What a revelation! I went to get my new glasses right away, and lo and behold, my vision was restored. To my relief, I could see the screen projections at church, and the running words on television, all quite clearly. What a simple solution to a vexing problem to me, the “poor patient”. I’m guessing the vexing was overlooked because it was likely “too simple”. All I needed was glasses. Pretty much out of the hyper focused super specialized realm! The ordinary person might be forgiven to think that simple good vision was a critical end point of eye care.
We often hear a common expression that we sometimes “cannot see the forest for the trees,” or get stuck in details and not remember the big picture. A situation that could entangle a subspecialized neonatal clinician-scientist, a subspecialized gynecologic oncology surgeon, or a subspecialized glaucoma ophthalmologist.
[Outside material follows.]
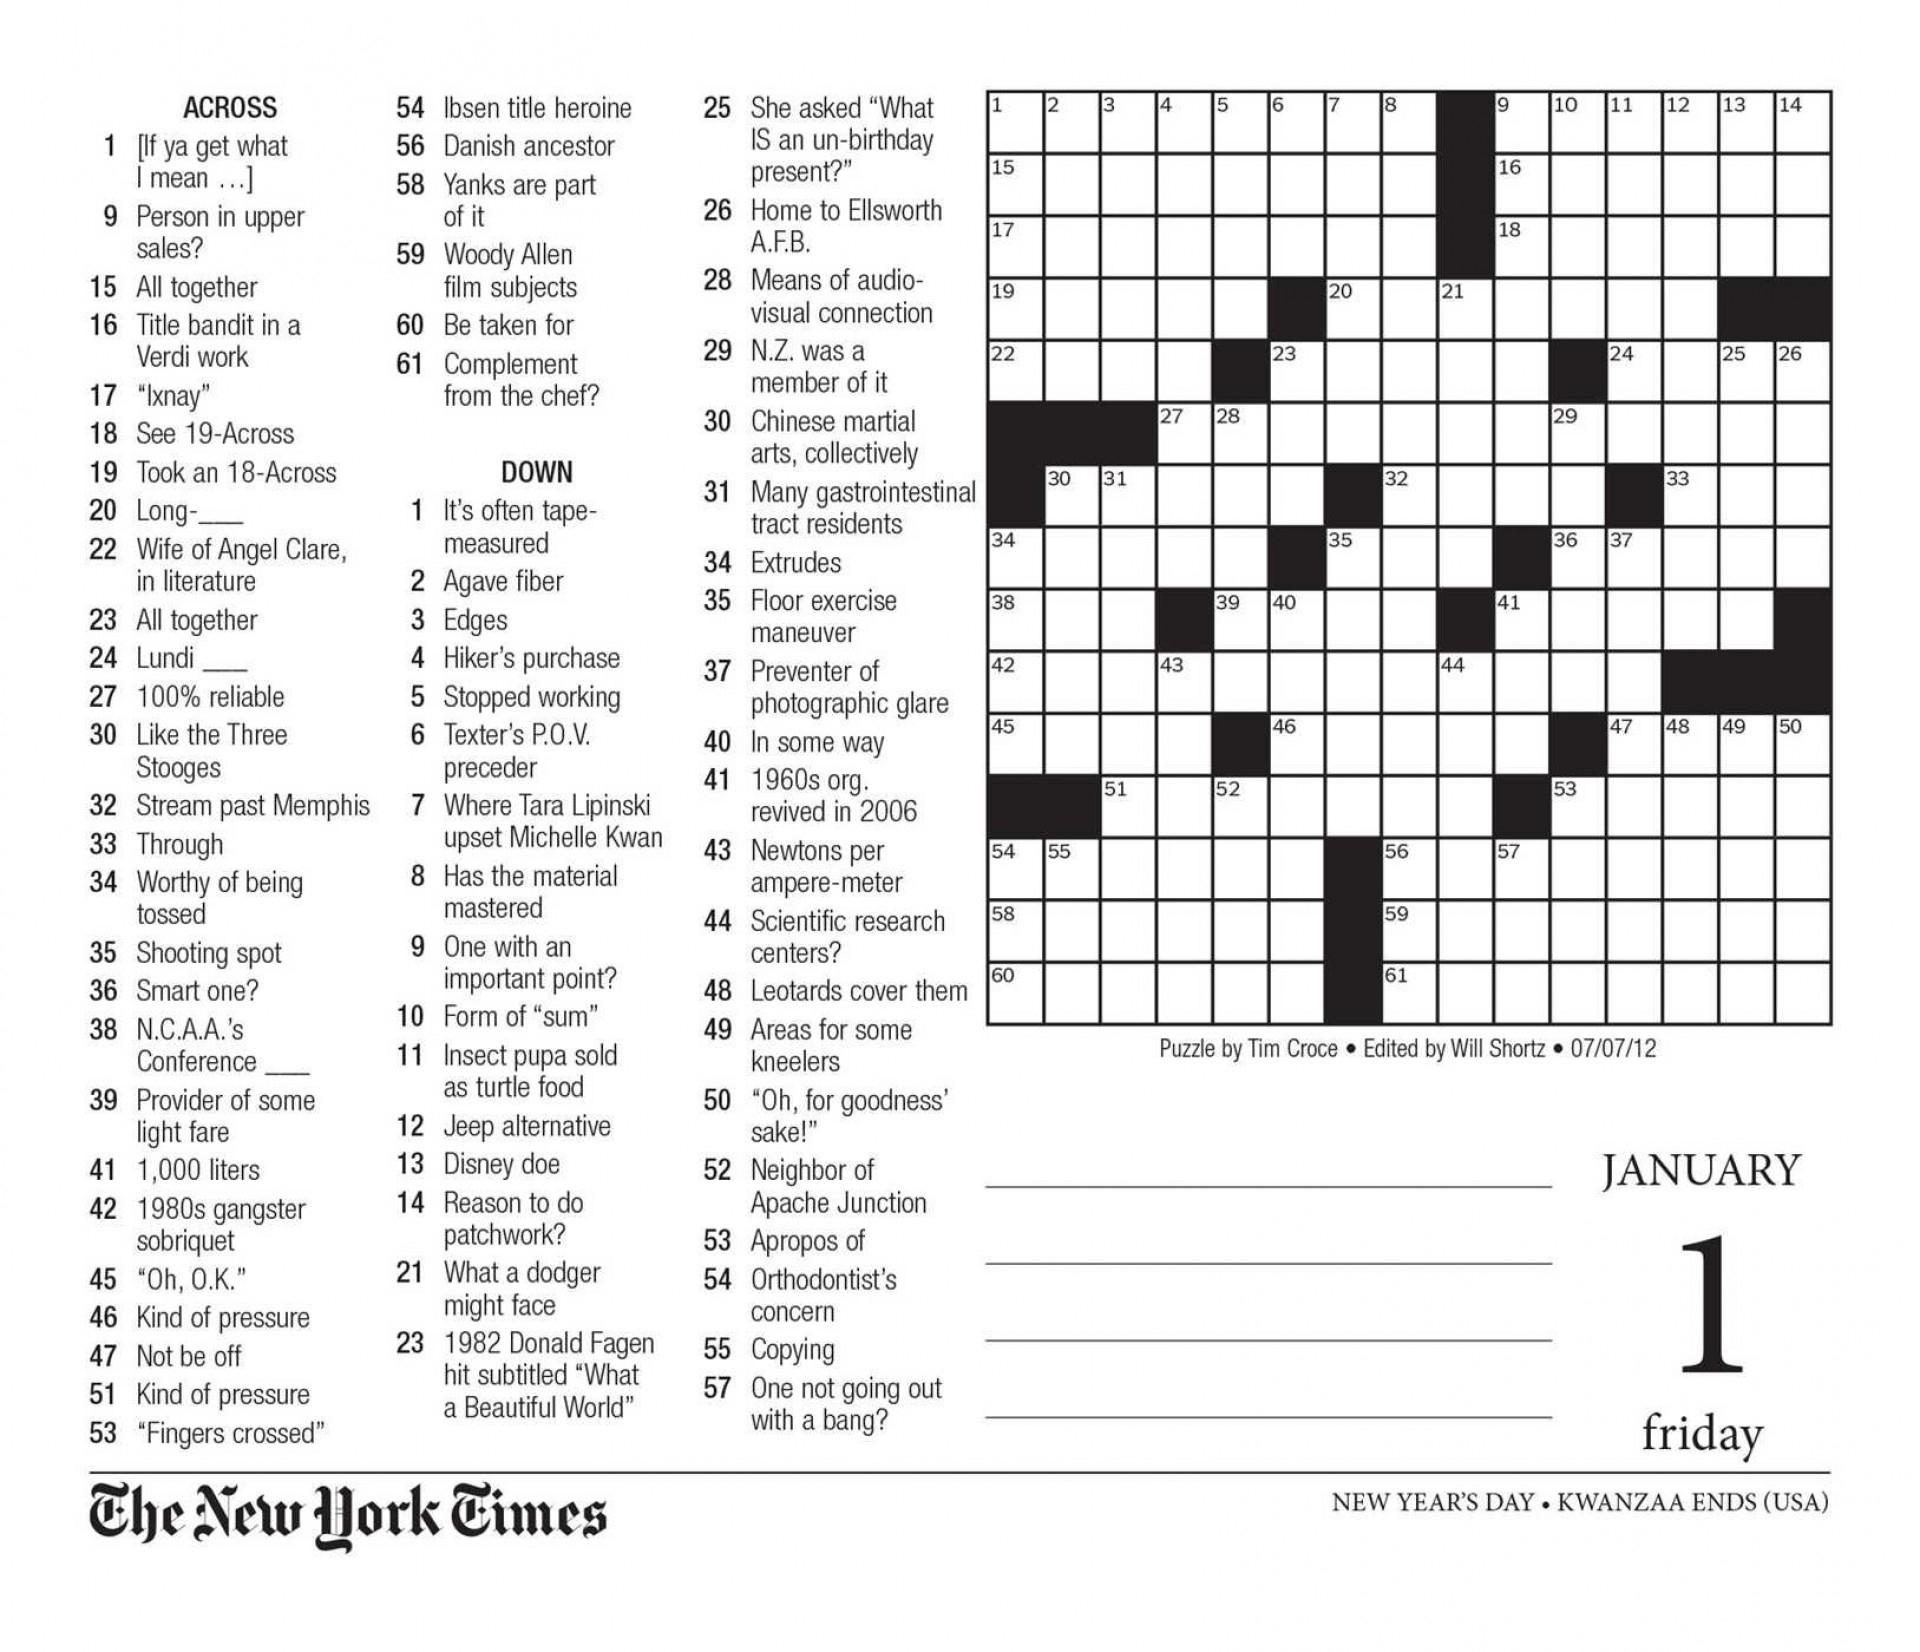 Free Printable Large Print Crossword Puzzles | M3U8 - Free Printable - Printable Giant Crossword Puzzles
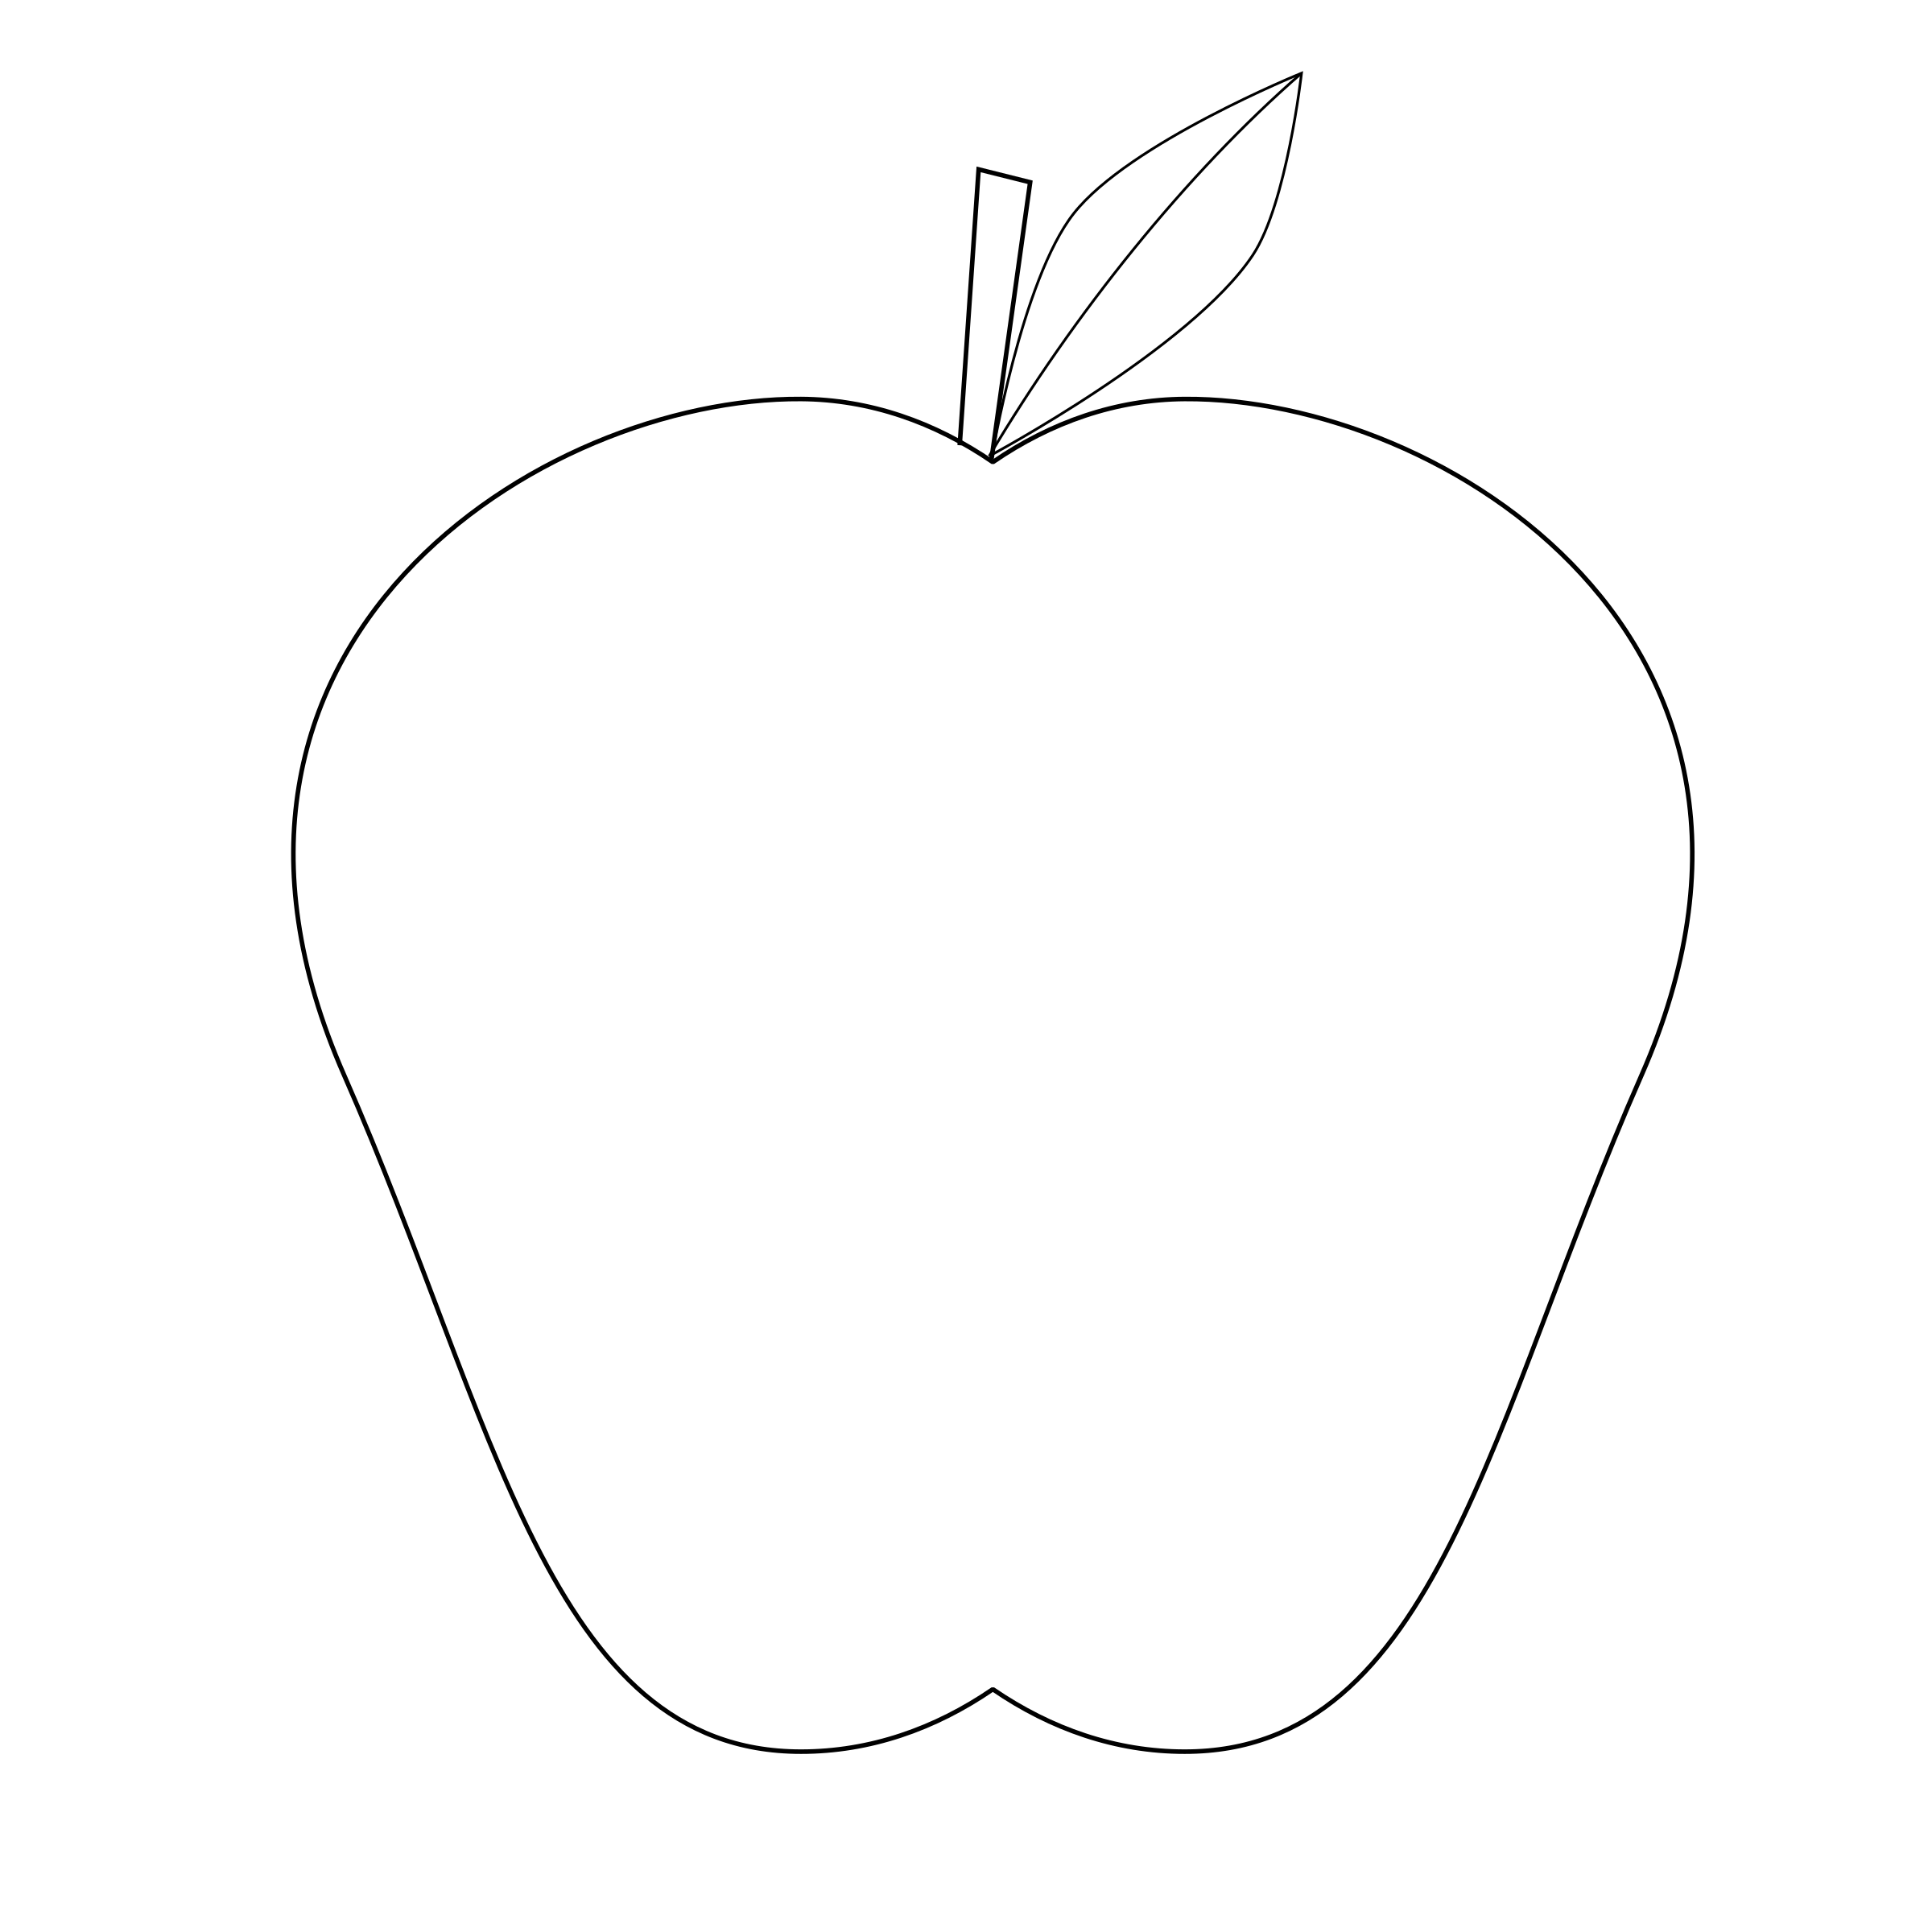 Big image png. Clipart apple outline

It’s a particular warning to specialized people like me, since I tend to always urge people to be more focused in life!
To prevent my focusitis making me stuck in minutiae, I often step back periodically to think about the full perspective. As a practical step, I make systematic 5 or 10 year plans, allowing regular pauses and course corrections in my life journey as necessary. Details (even sub, sub specialization ones) are important; just don’t let them take us off track from the key end point (the main point, the vision if you wish).
To belabor the point, I really prefer a crystal clear vision for my final key destination, the ultimate goal of life. I trust you also have a clear vision?